§ Exercise directions
Find the line with "Made In: Hungary" in the data below. Repeat it and every line after it exactly, but not the pictures.

§ Data to examine

*** Begin section ***

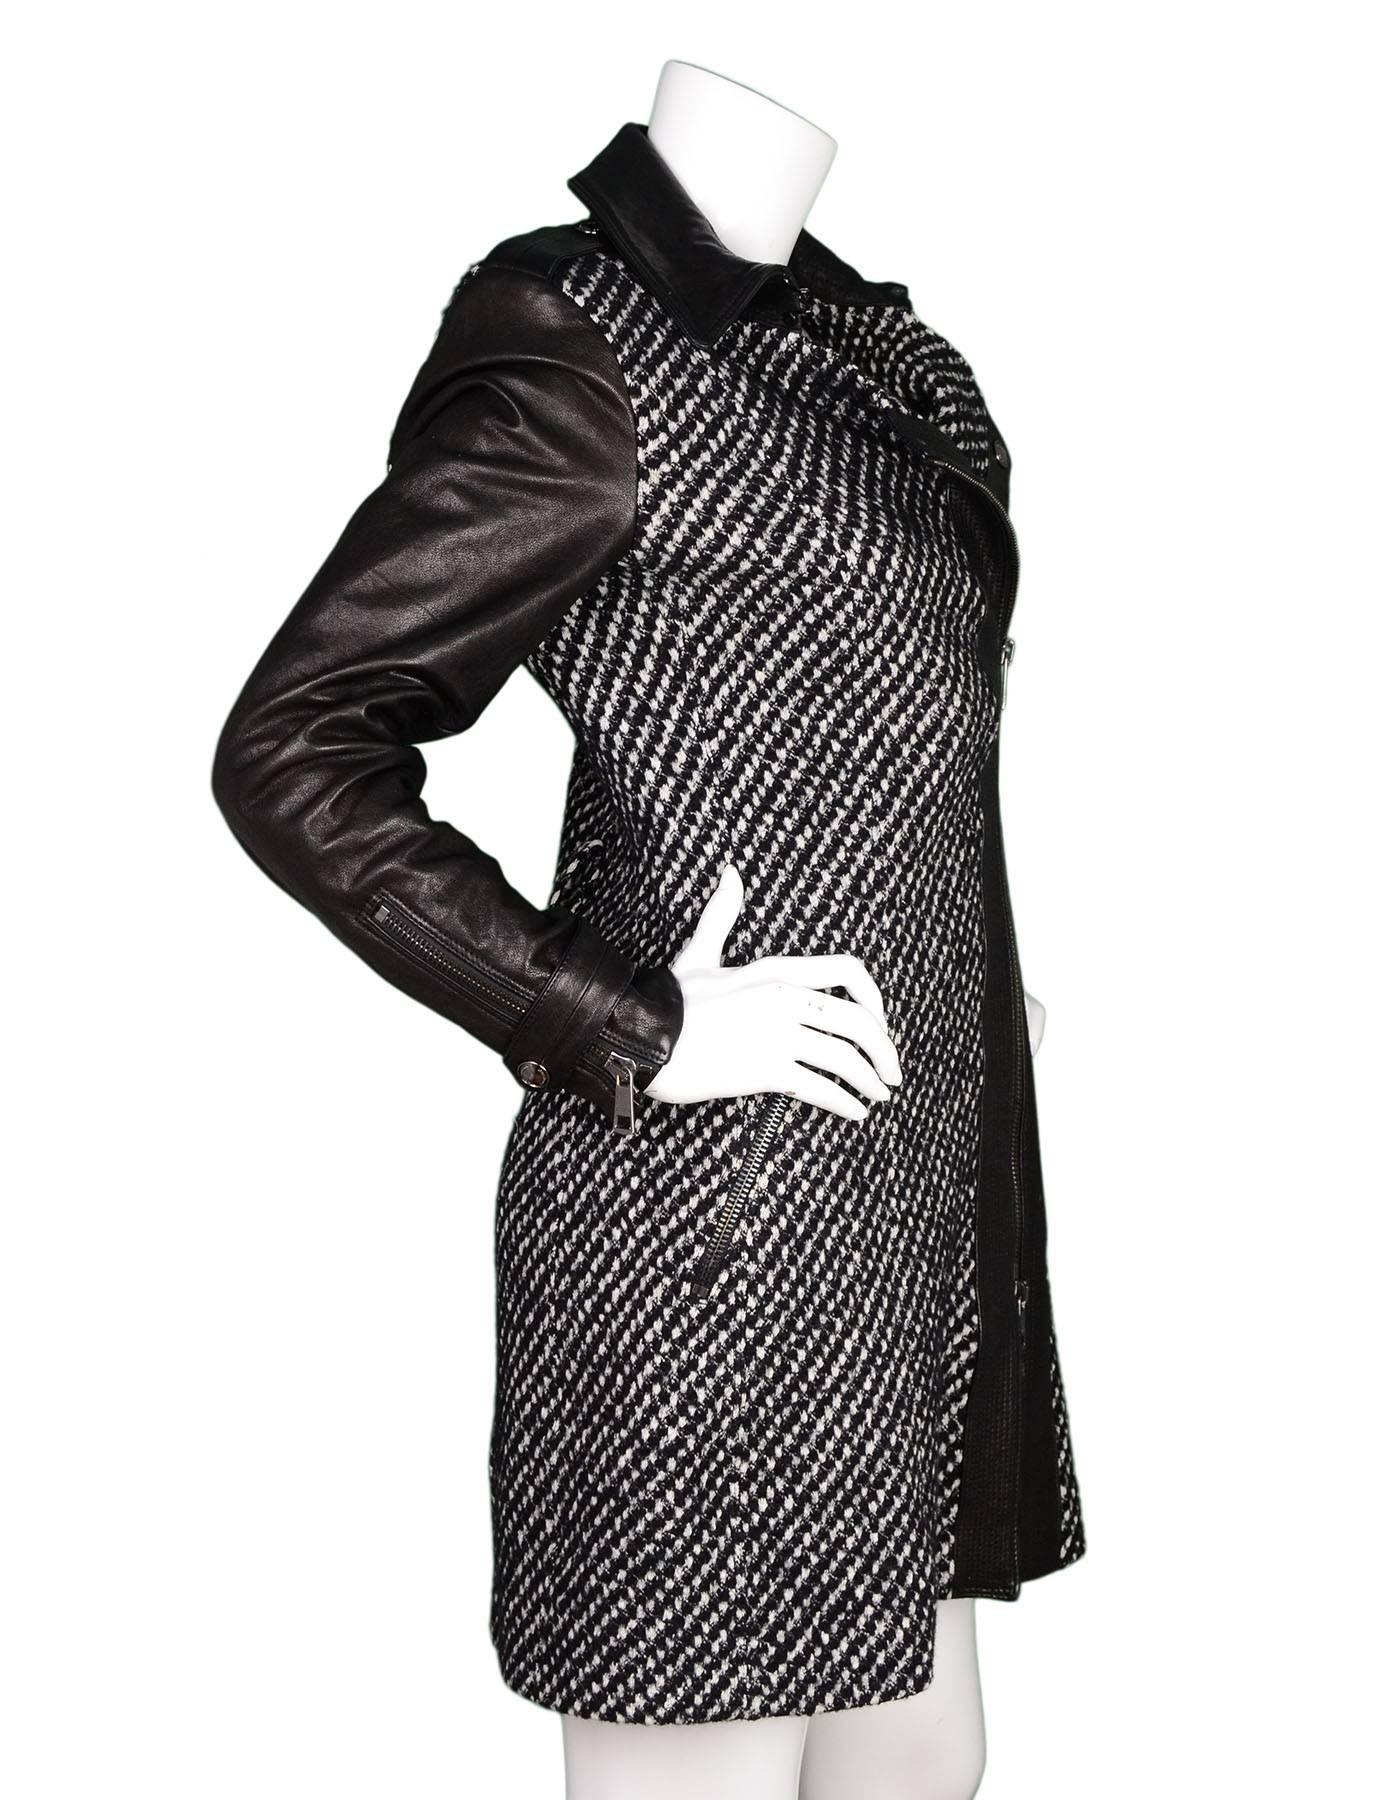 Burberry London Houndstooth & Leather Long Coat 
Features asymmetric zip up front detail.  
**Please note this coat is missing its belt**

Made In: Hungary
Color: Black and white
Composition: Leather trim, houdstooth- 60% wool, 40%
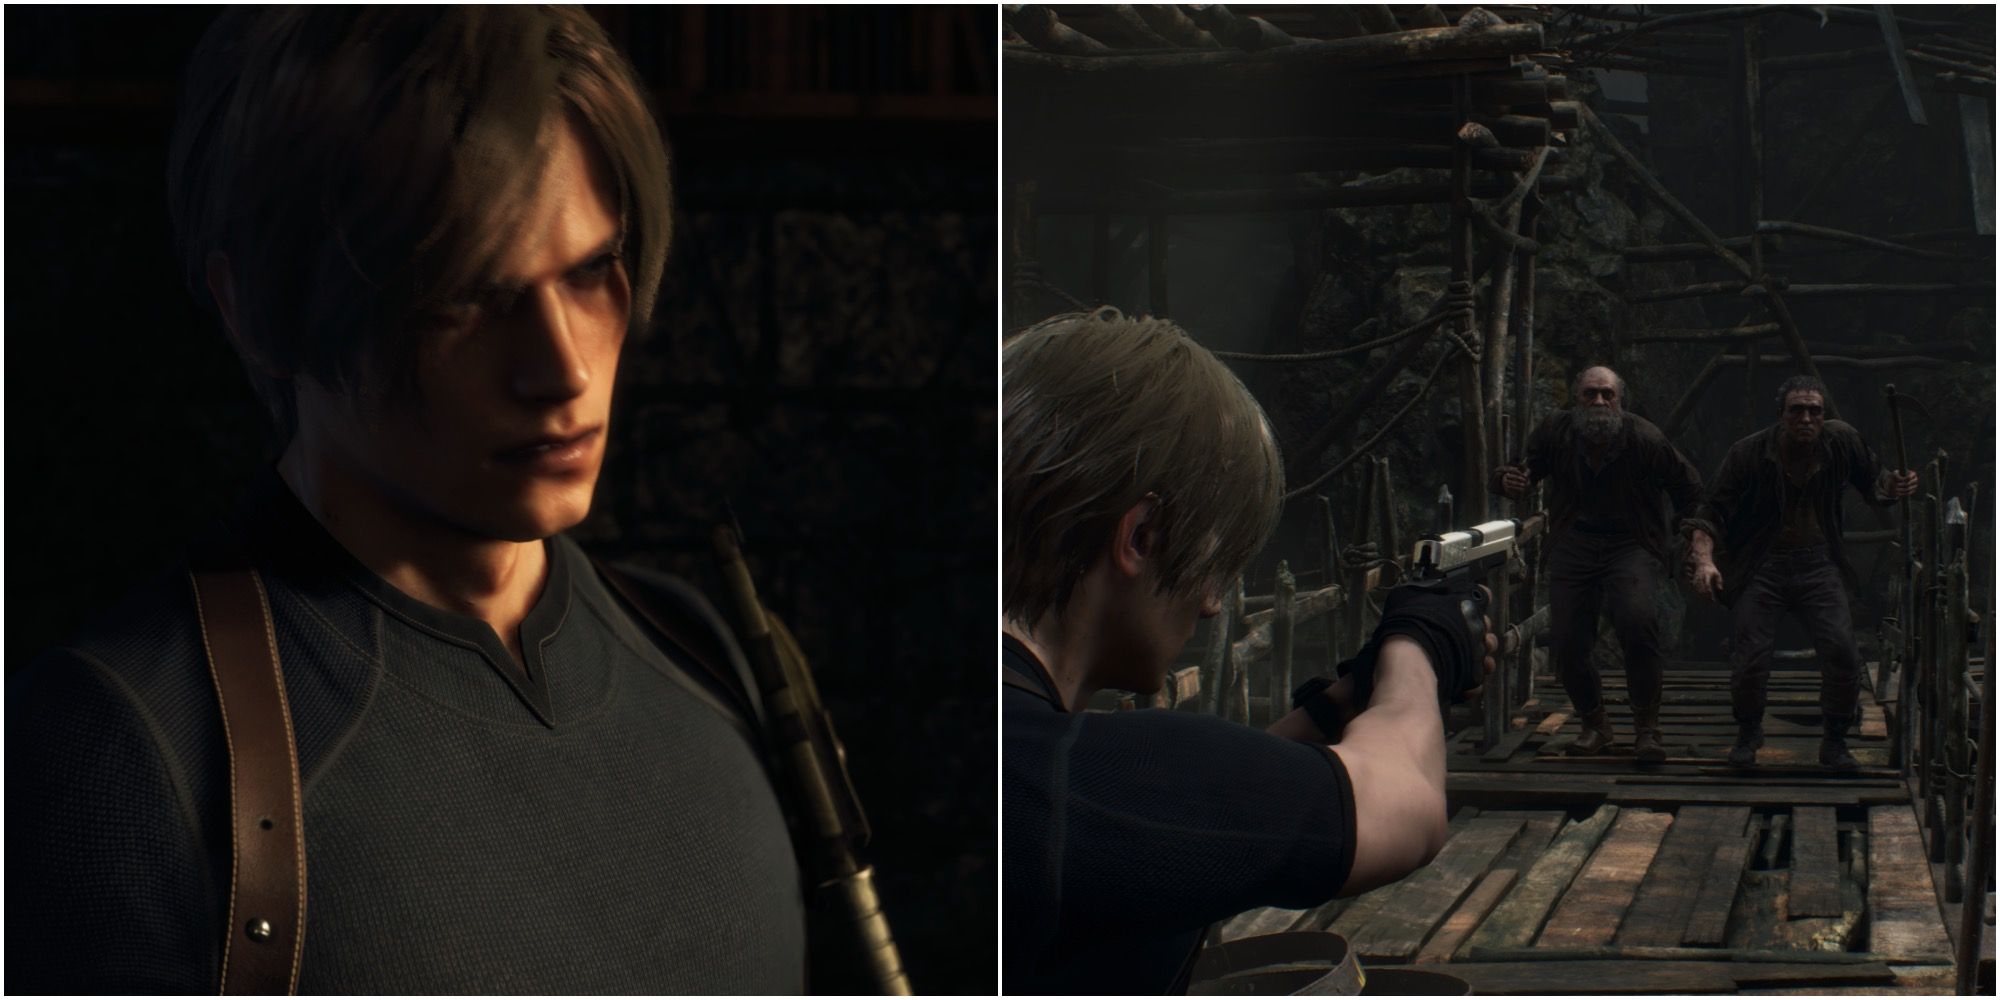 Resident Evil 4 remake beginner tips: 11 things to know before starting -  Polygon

*** End section ***

§ Answer box
Made In: Hungary
Color: Black and white
Composition: Leather trim, houdstooth- 60% wool, 40%
 Resident Evil 4 remake beginner tips: 11 things to know before starting -  Polygon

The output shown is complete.